Believe it or not I'm actually learning Russian atm!


----------



## Fourstaff (Dec 9, 2010)

C#, because I believe that is closest to VB, (.net framework) and you can transition to C++ after that, a nice progression IMHO.


----------



## Kreij (Dec 9, 2010)

I voted C# too. You fill find it quite similar to VB, and you can also make use of XNA Studio (Free) for writing games for either the PC or the XBox360. If you ever decide to really get into the nuts and bolts of game programming, you will have to learn C++ too.

Oh ... and don't forget you are going to have to learn HLSL too.


----------



## Arel3 (Dec 14, 2010)

Completely Bonkers said:


> Learn Russian. You'll meet more women than any of your options above



LMAO!!!!!!!!!!!!!!!!!!!!!!!!!!

I voted for Java. Reason being that I'm passionate about coding and java is not one of my strong points however there seems to be a huge influx of job opportunities for java programmers. Right now anyway...I believe .NET is the future. Trend shows that .NET has been and will continue to be the future. You didn't have that in the poll or I would have chosen .NET.

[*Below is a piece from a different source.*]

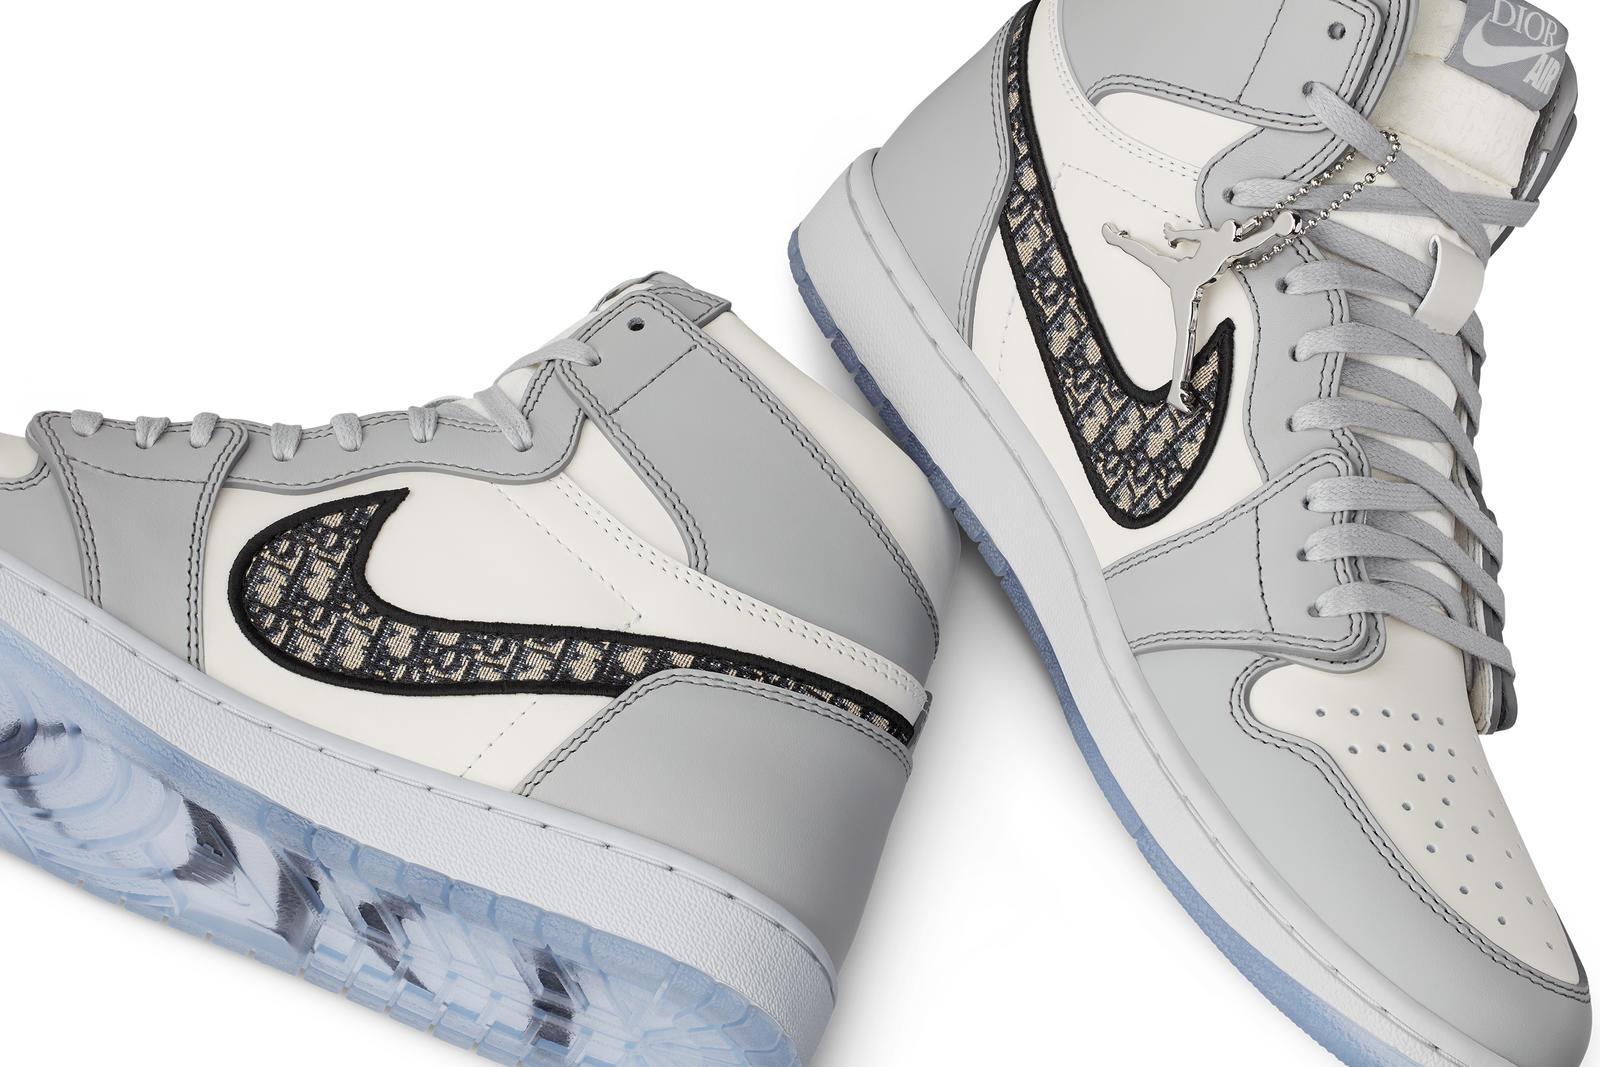 Air Jordan 1 Dior - Sneakers Conversation

Also not one of my strong points...ha!
My strong points are HTML, PHP, and Flash. I wish I had the drive to learn java the way I did with the languages I am strong with. I guess I'm getting old because the drive is just not there. lol


----------



## mlee49 (Dec 14, 2010)

I voted C++, it's pretty basic and has a logical progression.  Java is similar to C++ in some regards and can be easily picked up there after.  C# is a wholenother beast.


----------



## char[] rager (Dec 15, 2010)

I voted C#, because I absolutely love it. The ease in developing Windows applications is amazing. The number of preprogrammed classes and functions is amazing, if you are lazy like I am.


----------



## de.das.dude (Dec 15, 2010)

i voted C++, as you can pick up java easily after that. they are a lot similiar, and also i love the OOP concept in C++


----------



## A Cheese Danish (Dec 15, 2010)

Arel3 said:


> My strong points are HTML, PHP, and Flash. I wish I had the drive to learn java the way I did with the languages I am strong with. I guess I'm getting old because the drive is just not there. lol



HTML isn't really a programming language, IMO.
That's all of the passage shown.